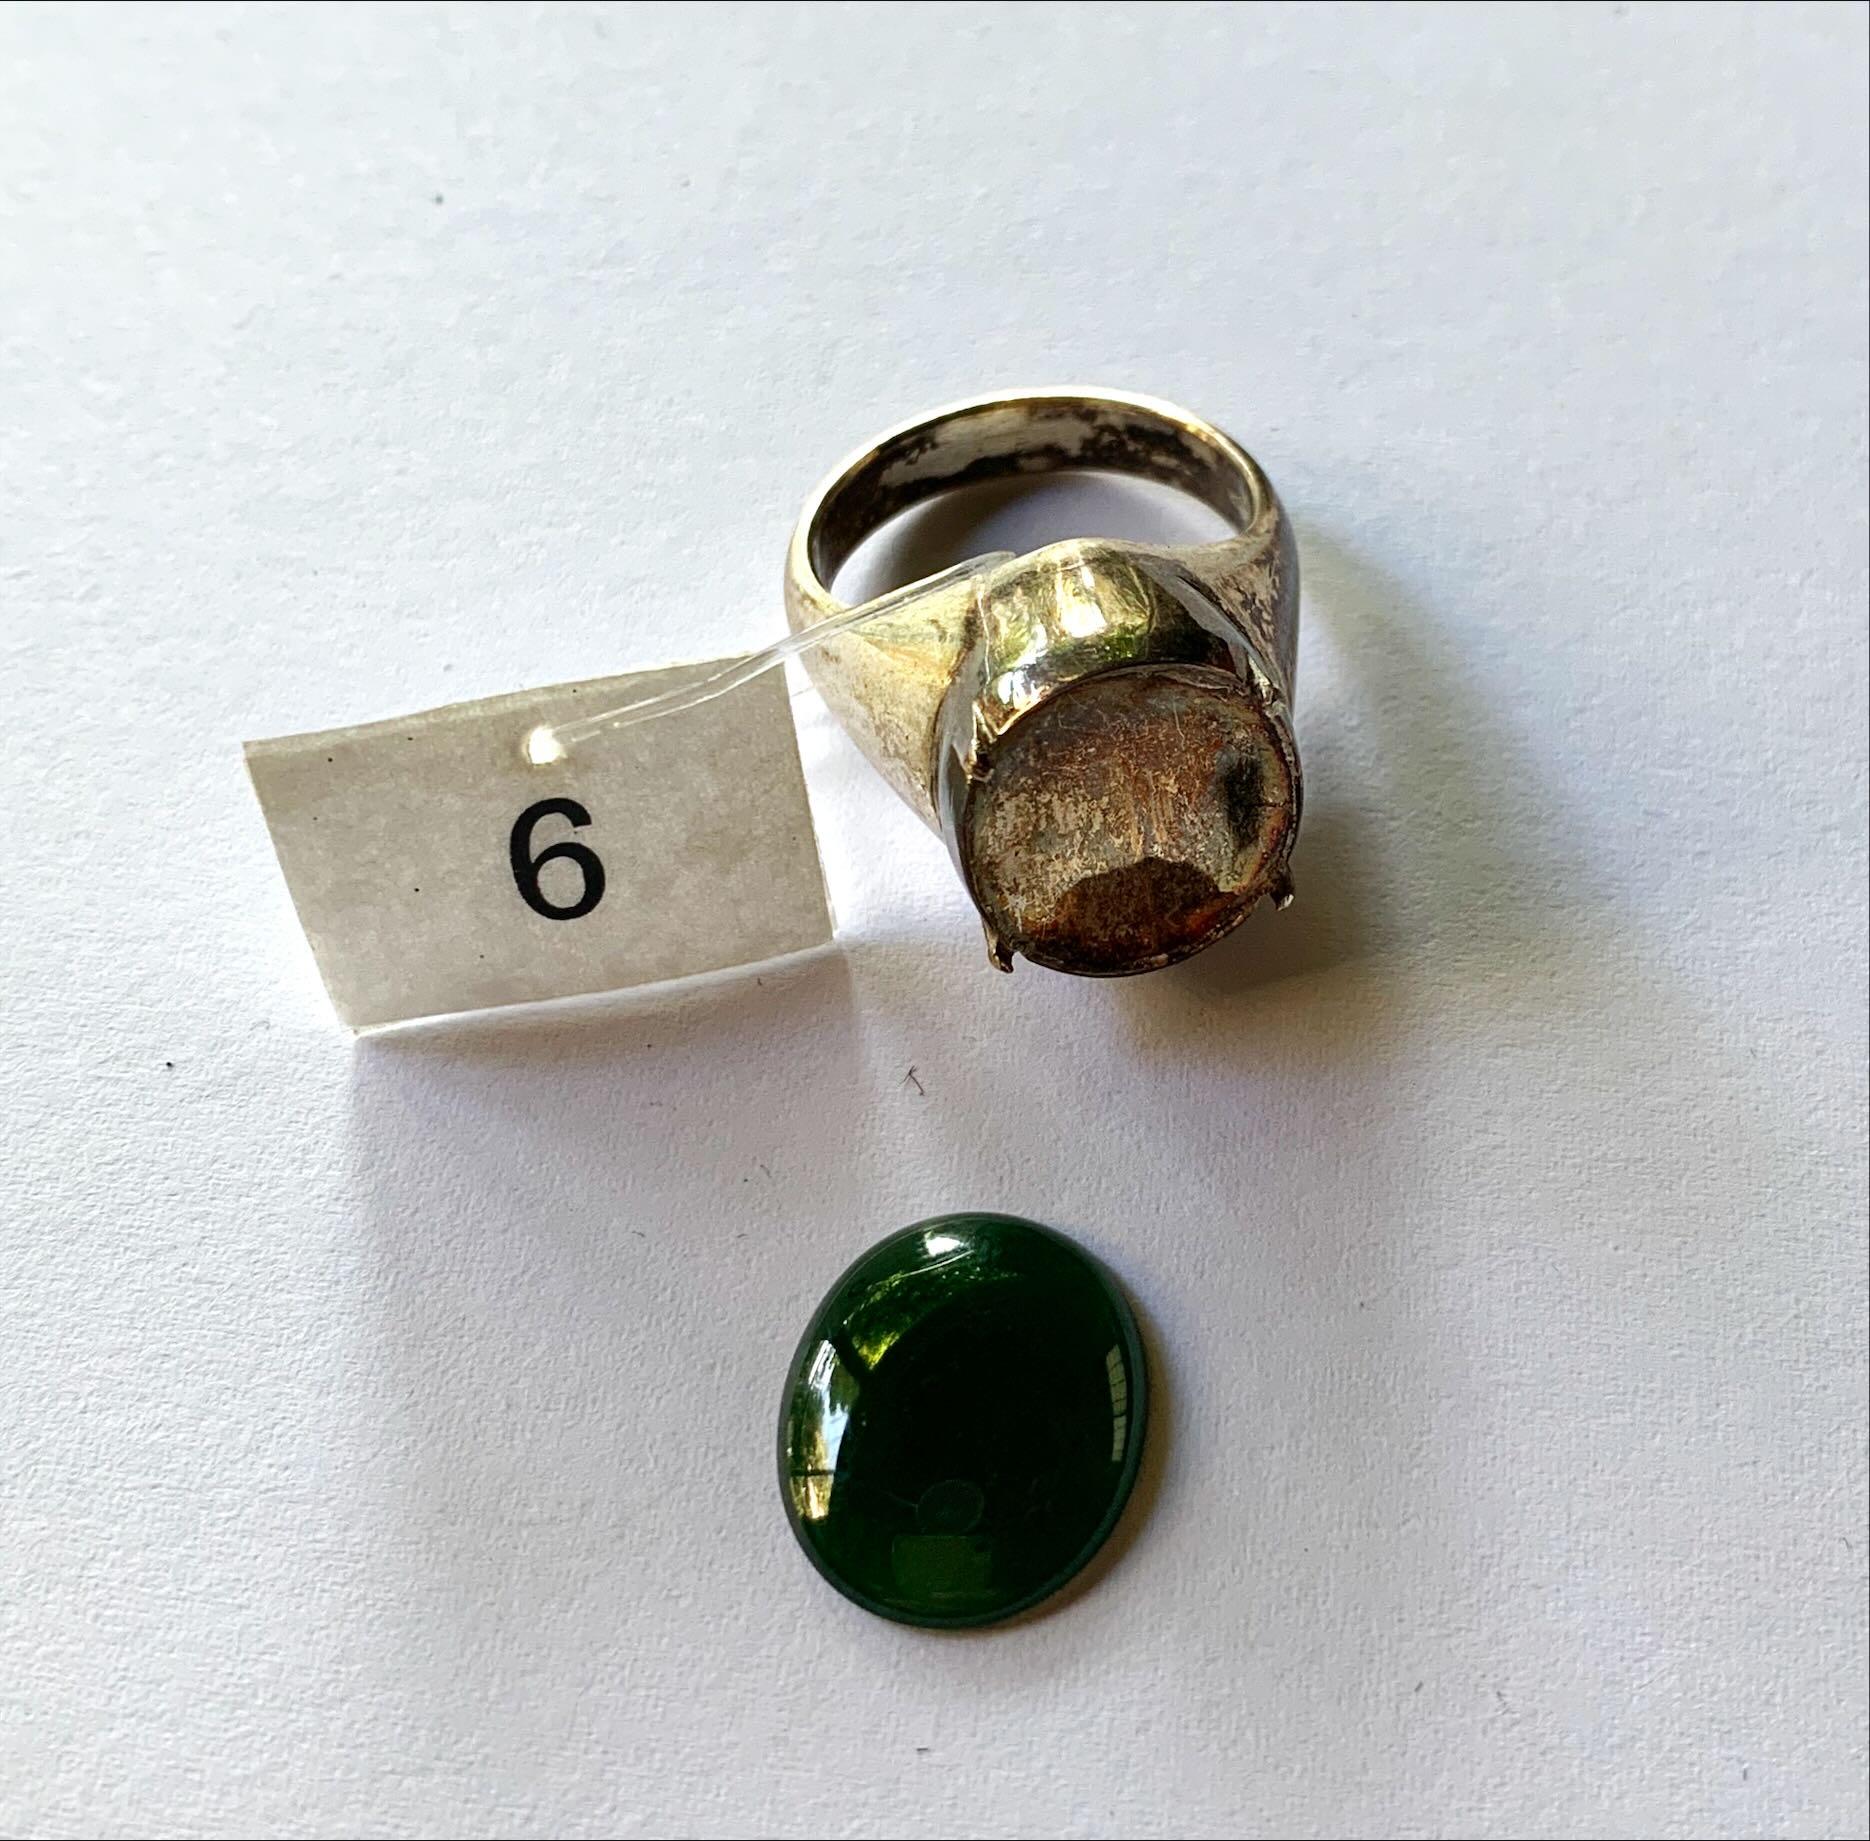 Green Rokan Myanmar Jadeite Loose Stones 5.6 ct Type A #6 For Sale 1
---
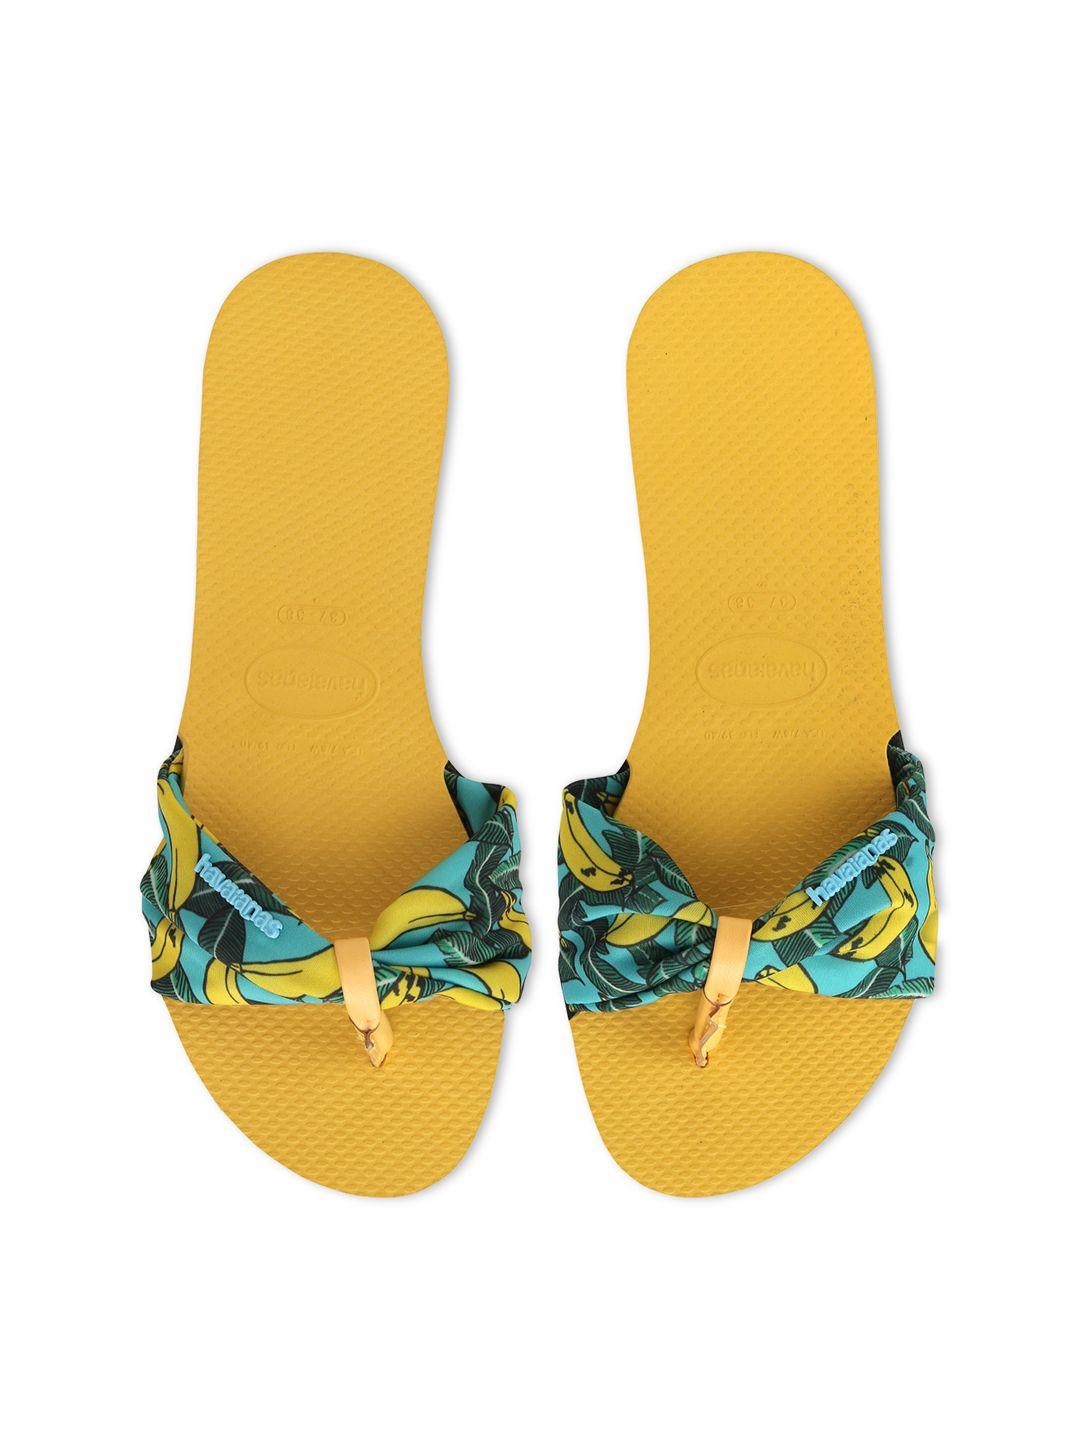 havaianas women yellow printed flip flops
--
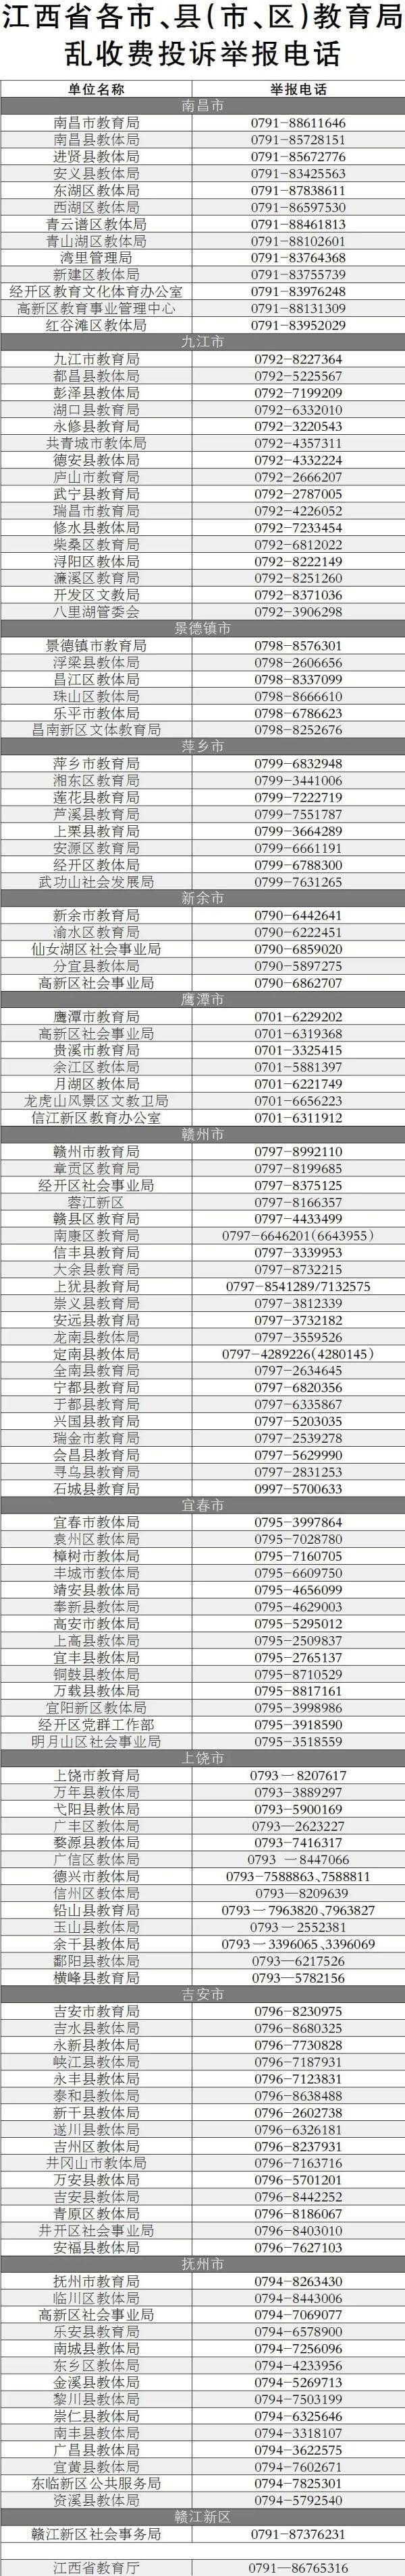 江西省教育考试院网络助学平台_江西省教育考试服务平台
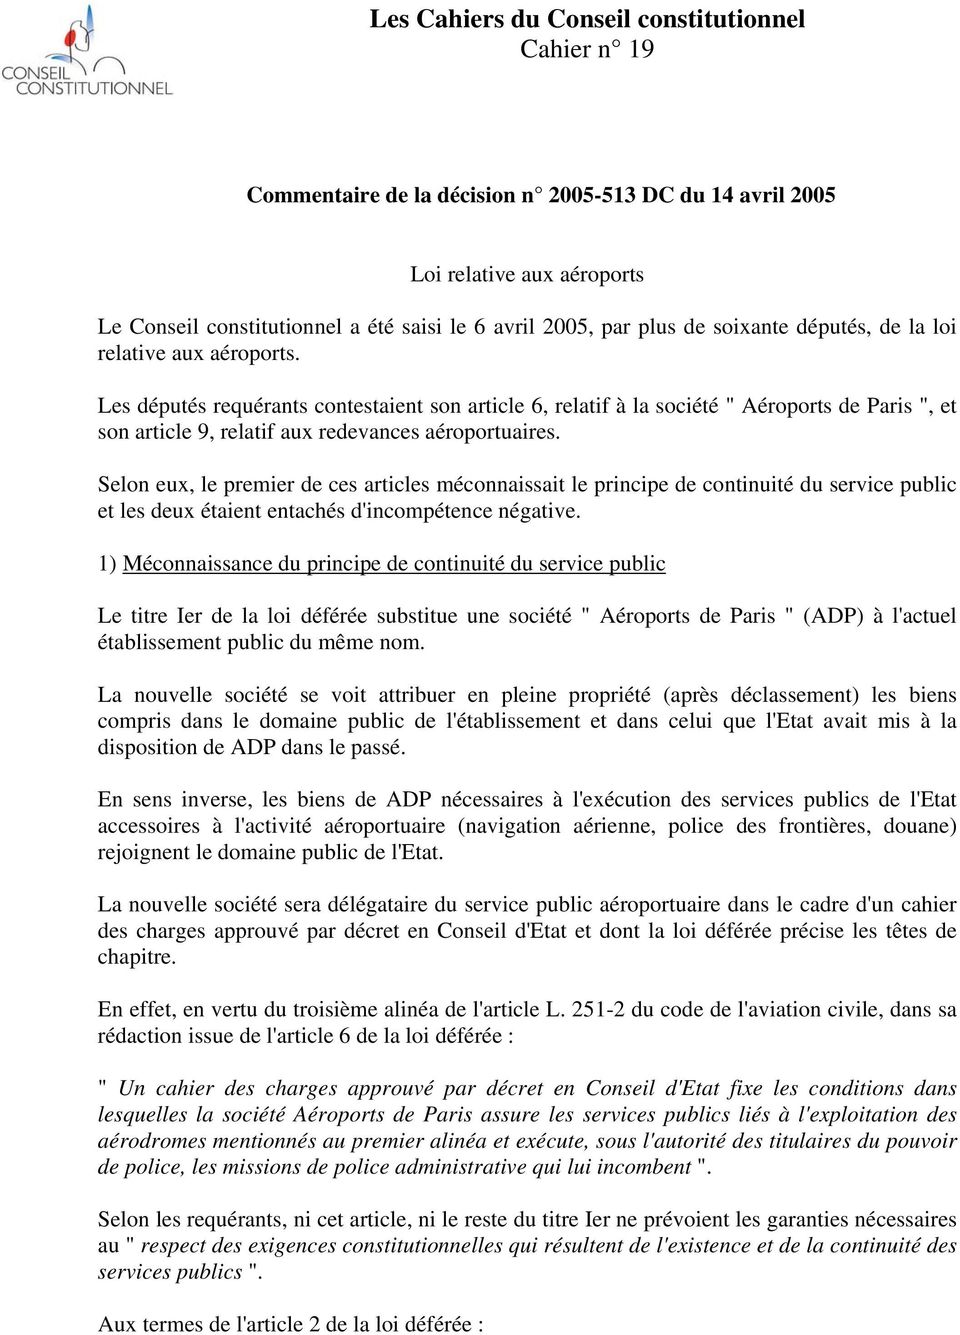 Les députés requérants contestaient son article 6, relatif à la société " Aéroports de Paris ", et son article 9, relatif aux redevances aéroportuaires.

> [Task statement]: For this exercise, please set down exactly the lines of the listing above from the line with "江西省教育考试院网络助学平台_江西省教育考试服务平台" up to and including the line with "Les députés requérants", and no pictures.

> [Response for this exercise]:
 江西省教育考试院网络助学平台_江西省教育考试服务平台
 Les députés requérants contestaient son article 6, relatif à la société " Aéroports de Paris ", et son article 9, relatif aux redevances aéroportuaires.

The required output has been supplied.